The NSA has admitted that analysts have violated legal restrictions on thousands of occasions in recent years, but the agency says most of the violations are accidental.
I appreciate the transparency that the Inspector General has provided to the American people," Grassley, the ranking member of the Judiciary Committee, said in a statement. "We shouldnt tolerate even one instance of misuse of this program. Robust oversight of the program must be completed to ensure that both national security and the Constitution are protected.
The letter was sent on Sept. 11 and Grassley's office released it to the public on Thursday.
Paging Justice Roberts?
Doesn’t surprise me in the least. This much power will often be too much of a temptation for people not sufficiently mature to govern their actions. Which is one reason the security clearance process needs to be cinched up much tighter than it has been for the last 10 years.
The analyst resigned before any disciplinary action could be taken...He retired before the agency took any action...She resigned before the agency took disciplinary actionWTF? It is not criminal? They can't be prosecuted after leaving the agency?
Yeah, I’d love to know what they have on him.
Probably goes something like: "If you let me retire and collect my pension and health benefits for life, I will keep my mouth shut."
You’re absolutely correct. This is the greatest fraud on the American people since the Nation was formed.
Big deal. So what if some of the government thugs who are engaging in unconstitutional spying also violated their Jack booted agency’s policies.
They can’t prosecute because the criminals know too much.
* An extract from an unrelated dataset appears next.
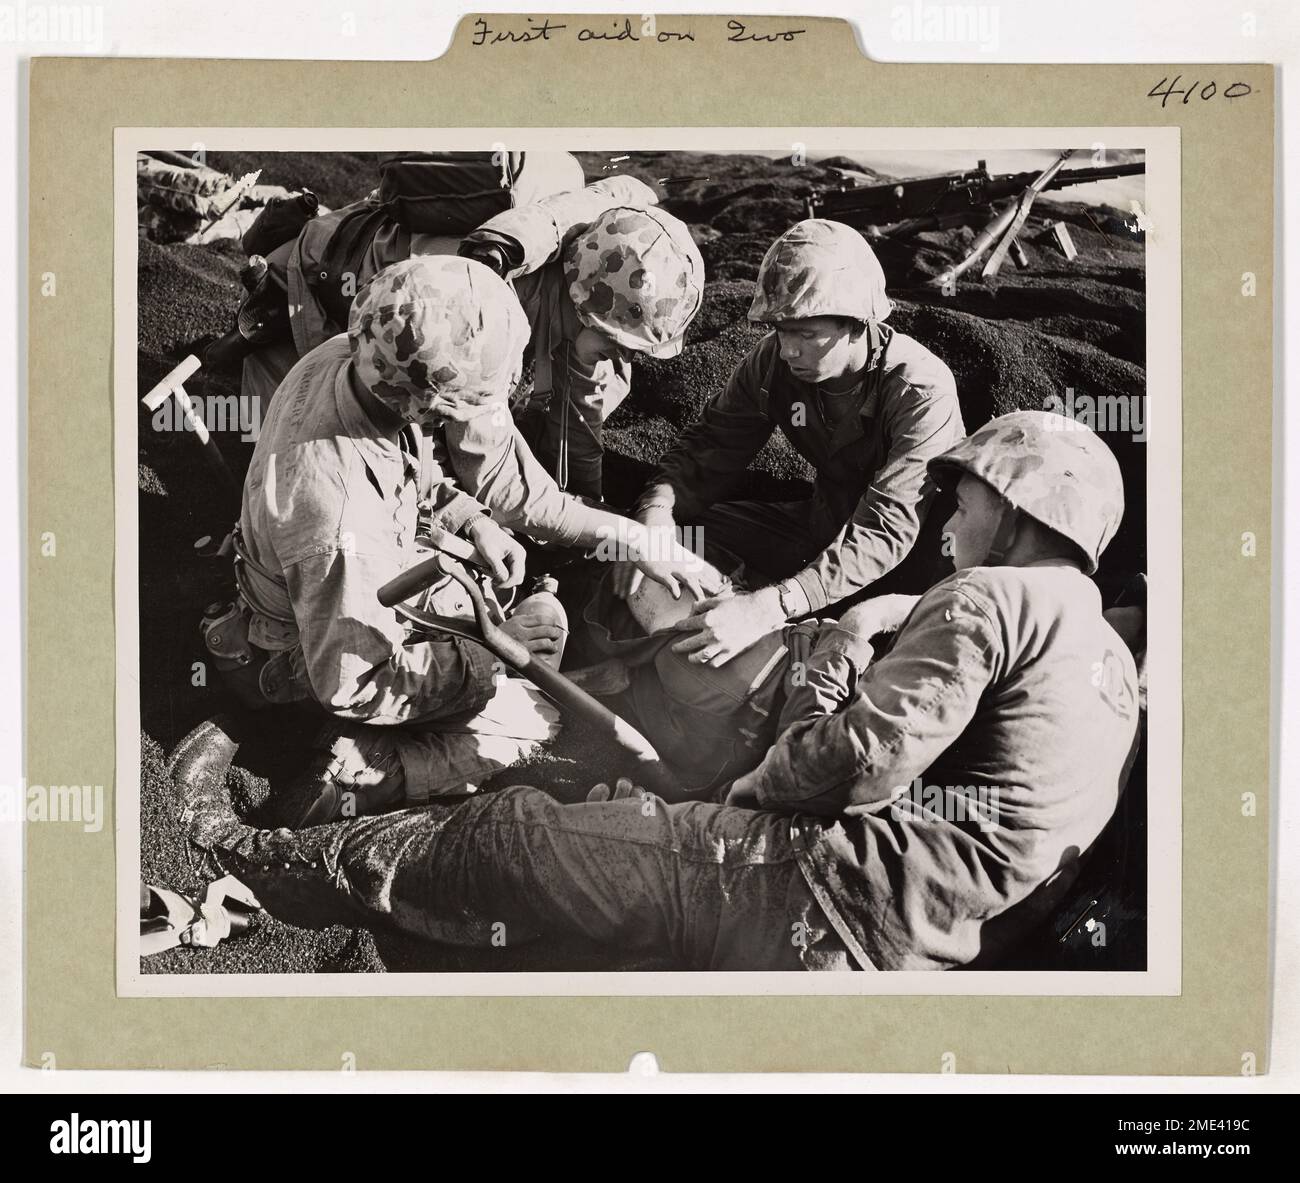 Erste Hilfe Auf Iwo Jima. Dieses Bild zeigt einen verwundeten Marine, der von Sanitätern im „Kaffeesand“ auf Iwo Jima kurz nach der ersten Welle an Land behandelt wird. Stockfoto
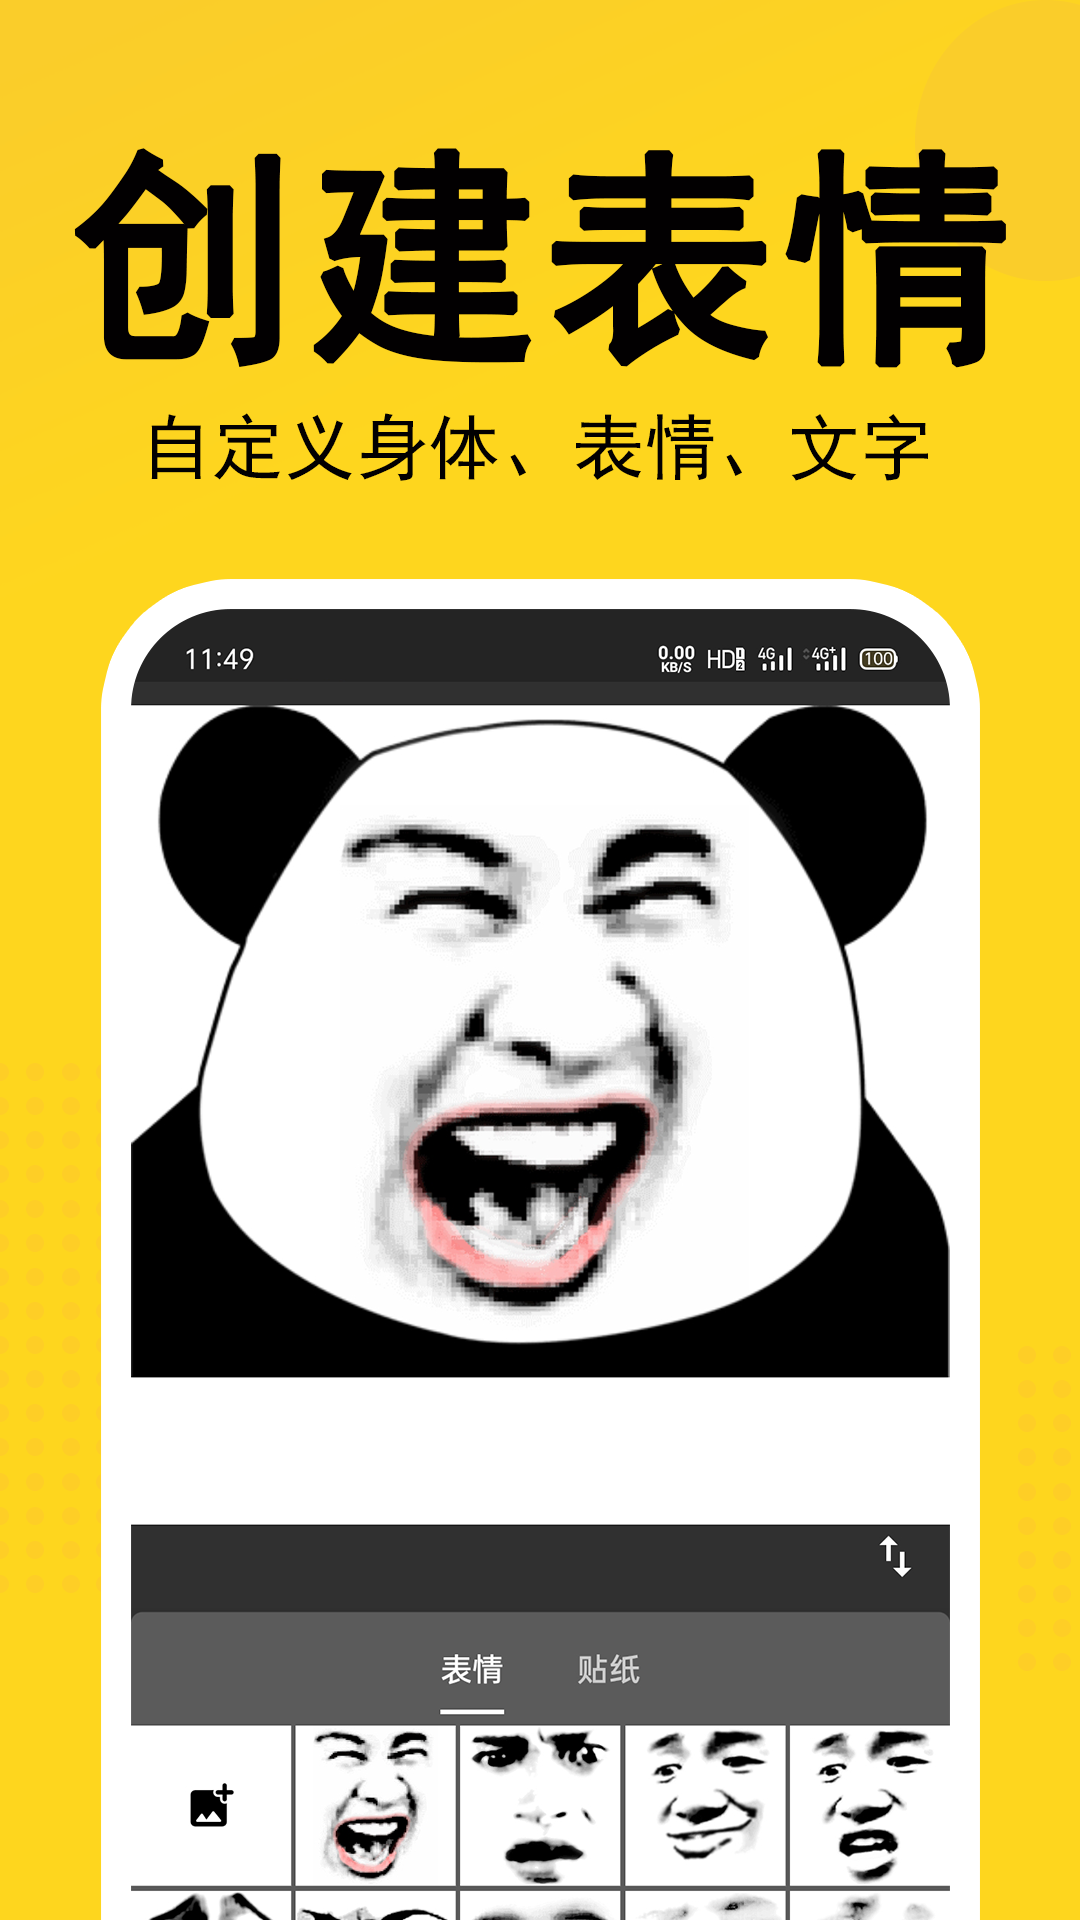 熊猫表情包截图(1)

12 incidents in roughly ten years. Excuse me, but you call this abuse? Sounds like safeguards were up and working in the few cases sited, but to infer that there was widespread abuse is rediculous. This should be taken off the side bar.
They exempted fathers who were checking out their daughter’s latest boyfriend. That would have added at least 10,000 to the incident total. /sarc
Of course I believe that the NSA is being completely honest for forthcoming on all abuse cases. Our government, like the POTUS, Congress, EPA, IRS, FEC, NSA, etc would never ever lie or mislead us. /sarc
Straight out of “The Lives of Others.”
true, but that one would be legit
I'm sorry, but I disagree: with what we've heard of PRISM and XKeyScore (I think there was another one, too) the agency collects far too much. It operates on both the assumption of guilt and guilt by association.
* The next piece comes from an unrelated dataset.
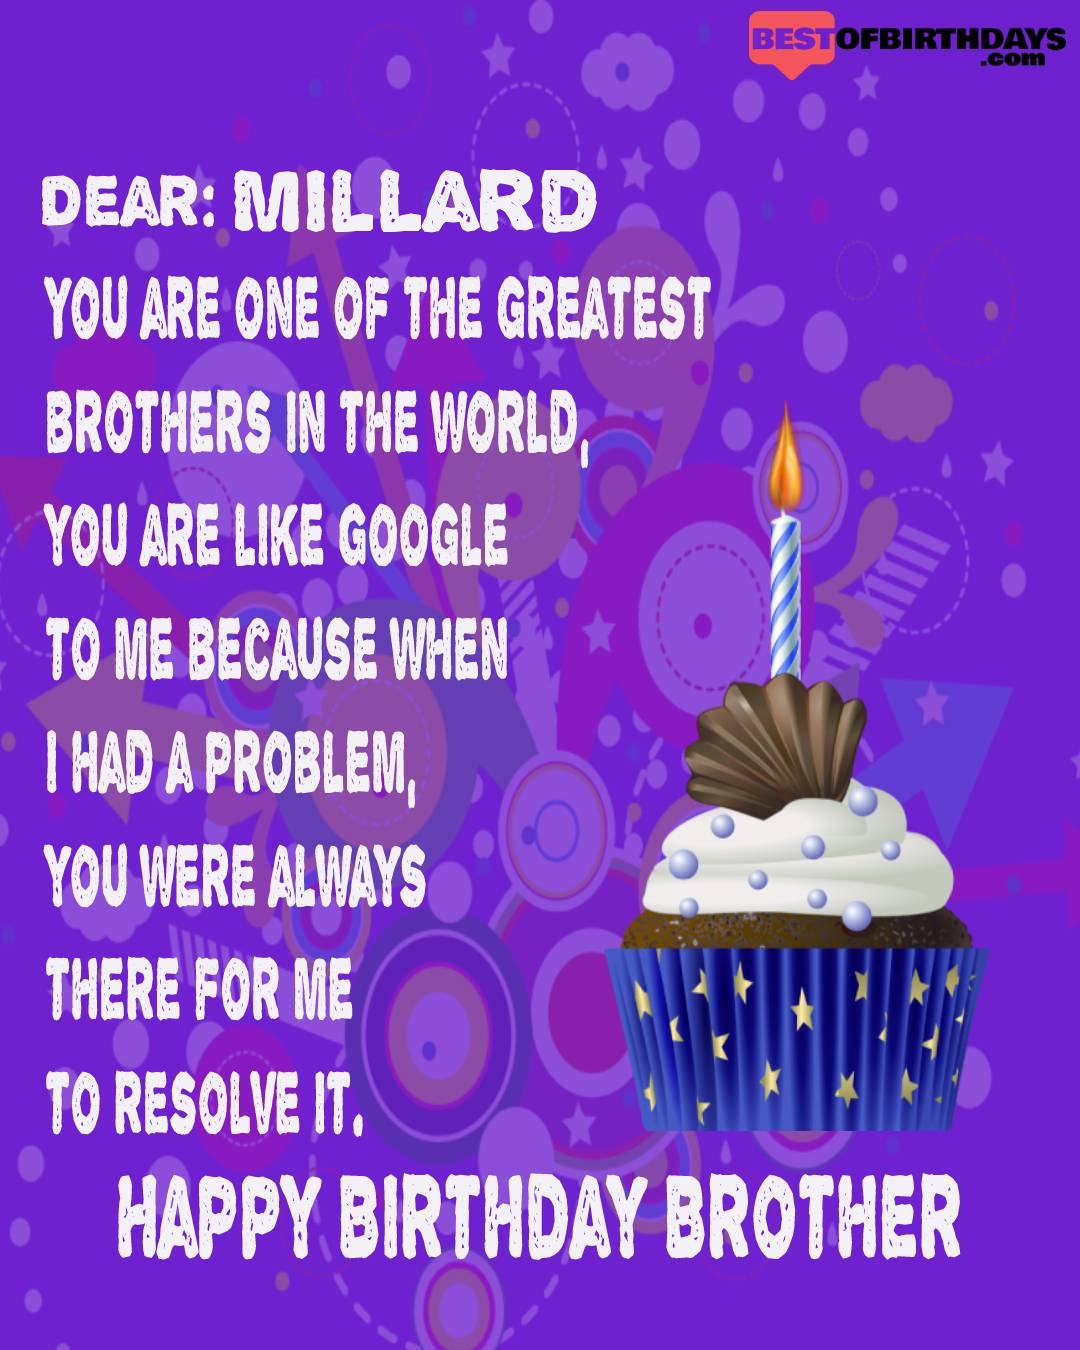 Happy birthday millard bhai brother bro

I don't want those introduced into American culture, and certainly not jurisprudence. (Remember the "parallel construction" story where the DEA [IIRC] was building a case interdependently
but working with the NSA?)
It’s a clear, longstanding and broad pattern; taxpayers are robbed to pay for some super expensive, whiz-bang pieces of hardware, which are then transformed into toys for adolescents mascarading as adults.
SWAT Teams, NSA, others...?
If it’s hi-speed or secretive you can be sure the “Hold muh beer —watch THIS..!”-factor will go up 1,000% in no time.
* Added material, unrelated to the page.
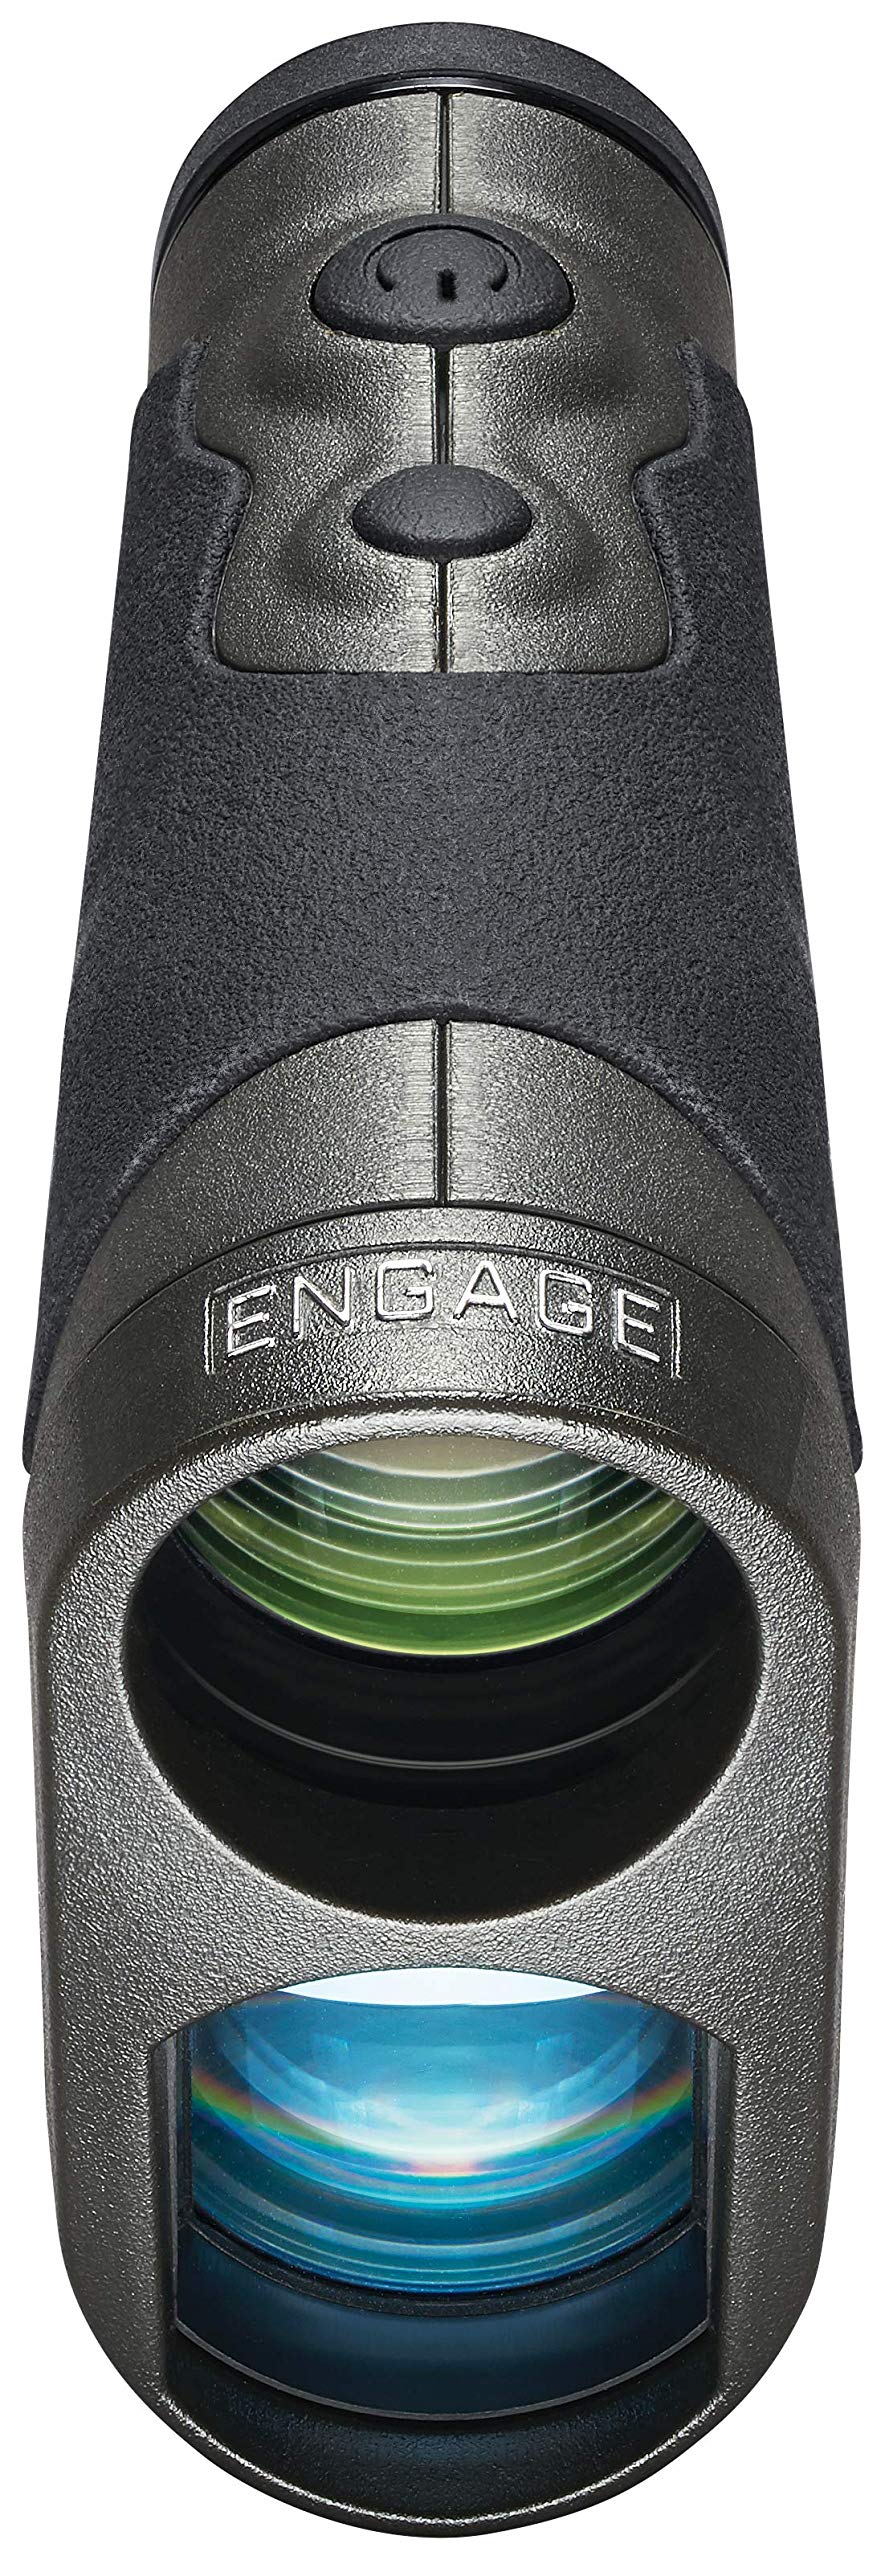 Bushnell Engage Hunting Laser Rangefinder (7848222785774)

ONE time per year, for the last 12 years, huh?
For an entity with 30,000 employees and an almost UNLIMITED budget and almost no oversight...?!
ONE TIME PER YEAR???
That conforms PERFECTLY to the NSA pattern —deny ad nauseum until it’s a *demonstrable* lie, then finally admit kicking and screaming to some wrongdoing which is a MILLION times smaller than what is actually going on.
If they say once per year, then it’s a million times PER DAY.
MOST of them are doing this EVERY time it strikes their most whimsical fancy.
THESE LIARS ARE DOING THIS ALLLL THE TIME.
How many thousands have they killed just for the HELL OF IT?